The traditional approach to robotics, often referred to as "rule-based programming," demanded an exhaustive anticipation of every conceivable scenario. Imagine programming a robotic arm to fold laundry. This would necessitate meticulously crafting a complex set of rules: define acceptable fabric deformation limits, identify the shirt’s collar, specify precise gripper movements for folding sleeves, account for rotation and twists, and incorporate logic for countless other variables. While this method could yield reliable results, the sheer volume and intricacy of the required rules quickly became unmanageable, proving to be a significant bottleneck in achieving versatile robotic capabilities.

The Paradigm Shift: Learning Through Simulation and Data

The turning point arrived around 2015 with the advent of machine learning and, more specifically, reinforcement learning. Instead of explicitly programming every action, researchers began building sophisticated digital simulations of robotic systems and the objects they were meant to manipulate. The core idea was to provide the AI program with a reward signal for successful task completion and a penalty for failure. Through millions of iterative trials and errors within these simulated environments, the AI learned to optimize its approach, much like how artificial intelligence systems mastered complex games.

This methodological evolution laid the groundwork for the current boom, which was significantly catalyzed by the public release of ChatGPT in 2022. Large language models (LLMs), trained on colossal datasets of text, demonstrated an unprecedented ability to predict the next word in a sequence, generating coherent and contextually relevant language. This principle was rapidly adapted to the realm of robotics. By processing vast amounts of sensory data – including images, sensor readings, and the precise positions of a robot’s joints – similar AI models began to predict and execute a series of motor commands at an astonishing rate, dozens per second.

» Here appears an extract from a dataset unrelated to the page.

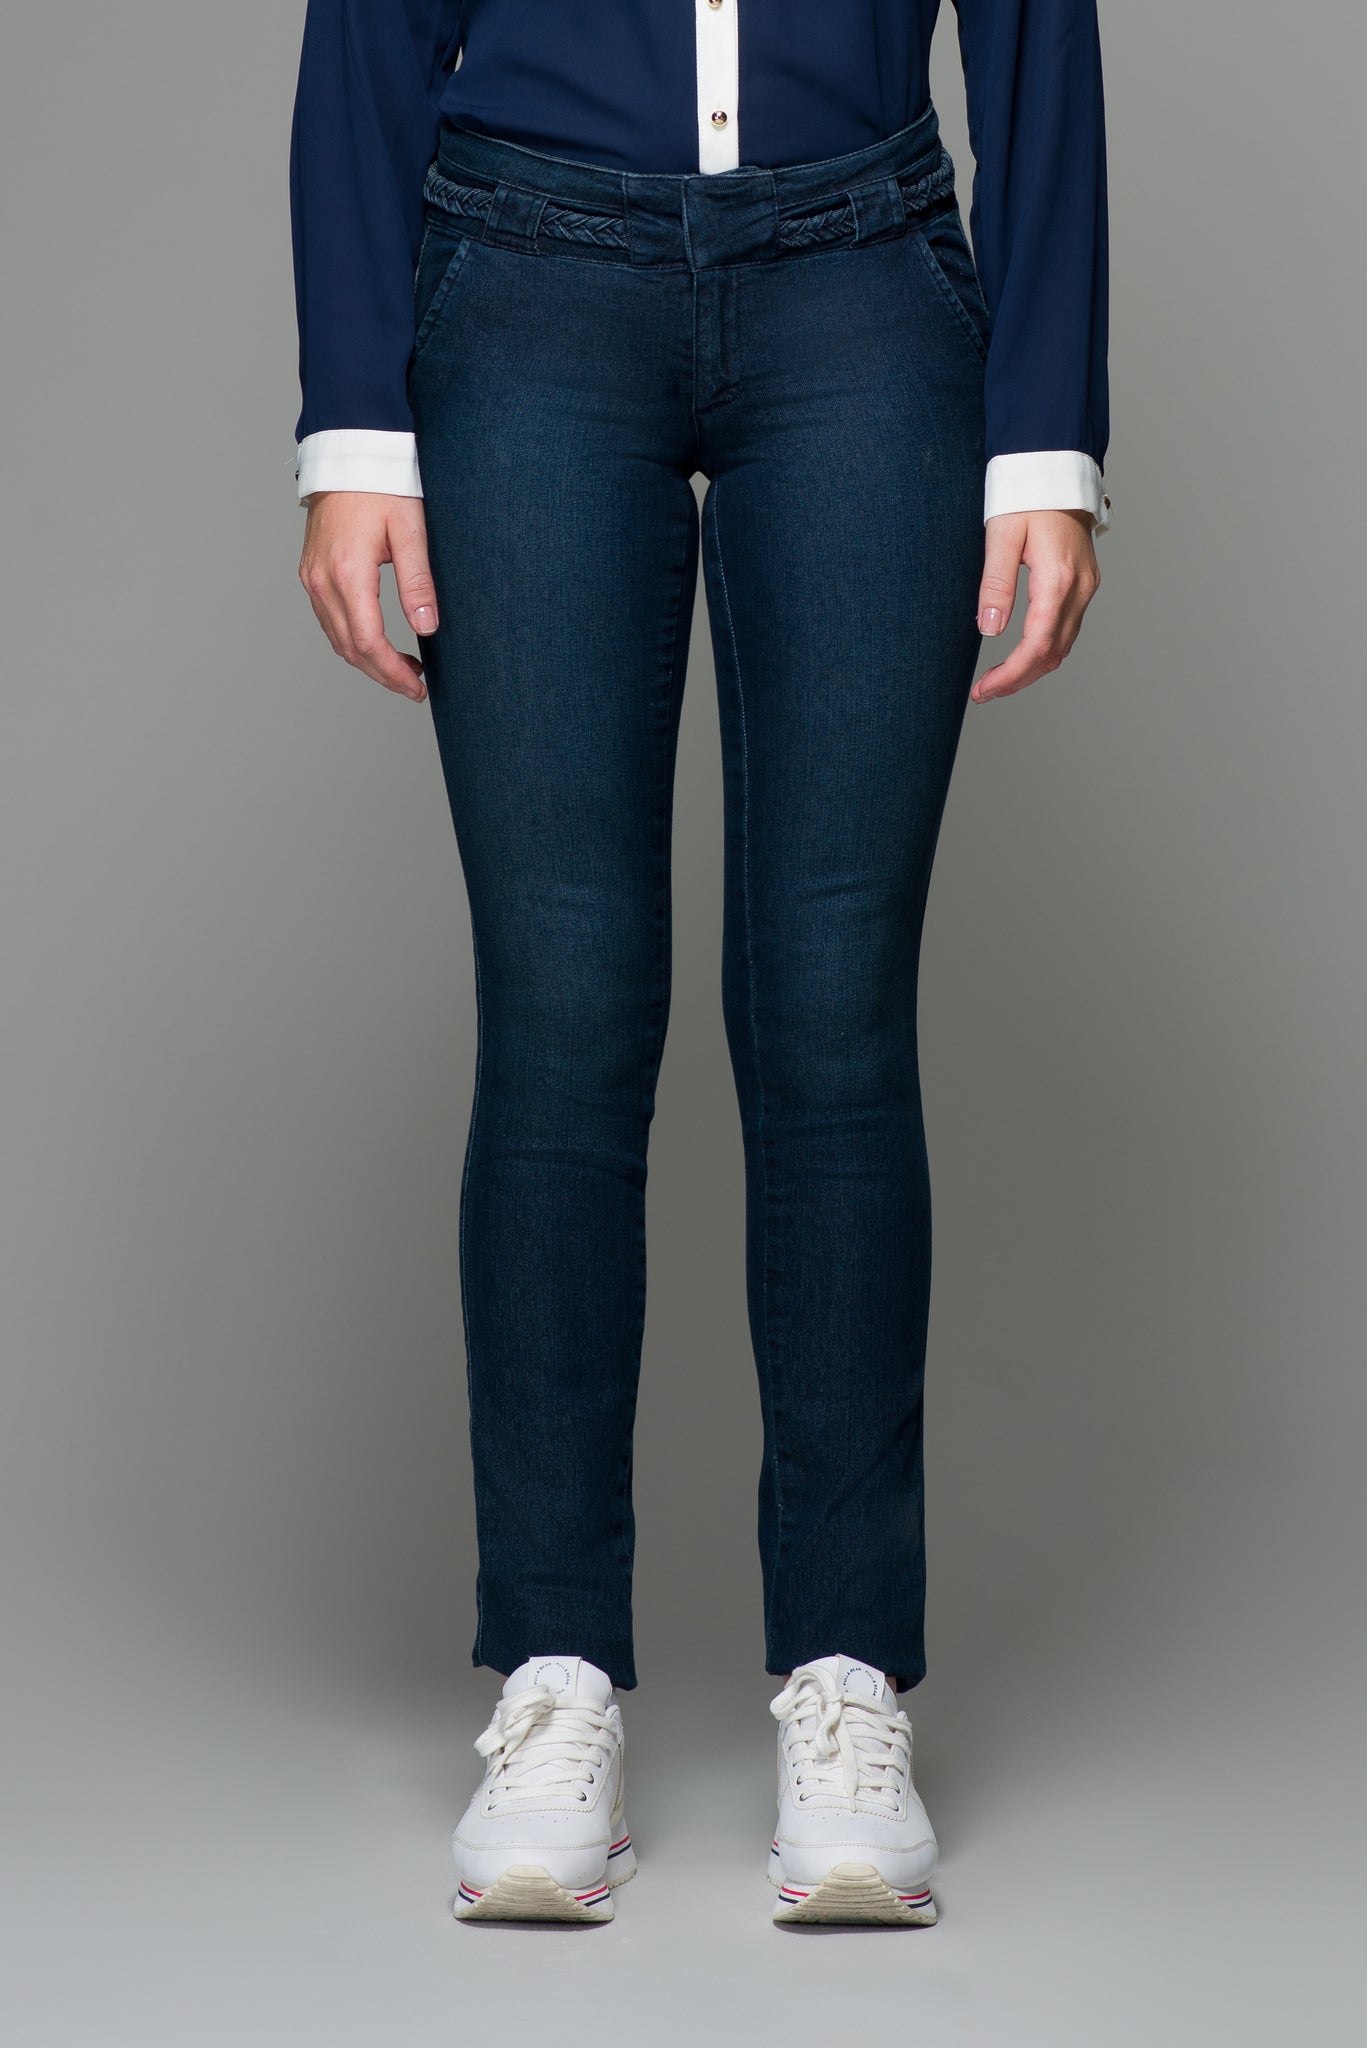 OHPOMP!® Cintura Media Super Skinny Jeans con Cinturón T021

How robots learn: A brief, contemporary history

This conceptual leap, from explicit programming to data-driven learning, has proven remarkably effective across a spectrum of robotic applications. Whether the goal is natural language interaction, navigation through complex environments, or the execution of intricate physical tasks, AI models that ingest and learn from extensive datasets are demonstrating a newfound proficiency. This approach has been further bolstered by innovative strategies such as deploying robots in real-world, albeit imperfect, conditions to enable continuous learning from their operational environments. Today, the ambition that once seemed relegated to science fiction is once again driving innovation in Silicon Valley.

Early Pioneers and the Quest for Social Robotics

Jibo: The Lamp-Like Companion

The quest for socially intelligent robots predates the LLM revolution. In 2014, Cynthia Breazeal, a robotics researcher at MIT, unveiled Jibo, a captivating, armless, legless, and faceless robot that bore a striking resemblance to a table lamp. Breazeal’s vision was to create a domestic robot that could serve as a companion for families, and the concept garnered significant public interest, raising $3.7 million through a crowdfunding campaign. Early pre-orders for Jibo were priced at $749.

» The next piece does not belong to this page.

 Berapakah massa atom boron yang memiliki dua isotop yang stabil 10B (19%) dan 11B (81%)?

Initially, Jibo could introduce itself and perform simple entertainment functions like dancing. However, the long-term ambition was for Jibo to evolve into an embodied assistant capable of managing schedules, handling emails, and even recounting stories. While Jibo garnered a dedicated user base, the company behind it ultimately ceased operations in 2019.

A critical retrospective analysis of Jibo’s challenges points to its limited language capabilities. In an era dominated by early iterations of voice assistants like Apple’s Siri and Amazon’s Alexa, Jibo competed with systems that relied heavily on pre-scripted responses. This approach involved translating speech to text, analyzing user intent, and retrieving pre-approved linguistic snippets. While these snippets could be engaging, they often led to repetitive and uninspired interactions, a significant drawback for a robot designed for social engagement. The inability to generate truly natural and dynamic conversations was a major hurdle, particularly for a device intended to be a family member.

The subsequent advancements in AI-driven language generation have dramatically altered the landscape. Modern voice interfaces from leading AI providers now offer impressively engaging and interactive conversational experiences. Numerous hardware startups have attempted to capitalize on this development, though with varying degrees of success. However, this progress introduces a new set of risks. While scripted interactions are inherently contained, AI-generated conversations can veer into unpredictable territory. For instance, some AI-powered toys have been reported to engage children in inappropriate discussions about dangerous items.

Mastering the Physical World: From Simulation to Real-World Dexterity

OpenAI’s Dactyl: The Simulated Hand

By 2018, leading robotics labs were actively exploring alternatives to traditional rule-based programming, embracing trial-and-error learning through simulation. OpenAI embarked on an ambitious project with Dactyl, a robotic hand designed to manipulate small objects. The initial training took place entirely in a virtual environment, utilizing digital models of the robotic hand and palm-sized cubes marked with letters and numbers. A typical task might involve instructing Dactyl to "Rotate the cube so the red side with the letter O faces upward."

The inherent challenge with simulation-based training lies in the "sim-to-real gap." A robotic hand that performs exceptionally well in a simulated world might falter when transferred to a real-world counterpart. Subtle differences in color perception, the elasticity of robotic fingertips, or variations in friction can cause unexpected failures.

To overcome this, OpenAI pioneered a technique known as "domain randomization." This involved creating millions of slightly varied simulated environments, introducing random fluctuations in parameters such as friction, lighting conditions, and color saturation. By exposing the AI to this wide spectrum of variations, Dactyl became more robust and adaptable to real-world conditions. This approach proved successful, and a year later, OpenAI leveraged similar core techniques to tackle the more complex challenge of solving Rubik’s Cubes. While Dactyl achieved a 60% success rate on standard scrambles, its performance dropped to 20% for more difficult configurations.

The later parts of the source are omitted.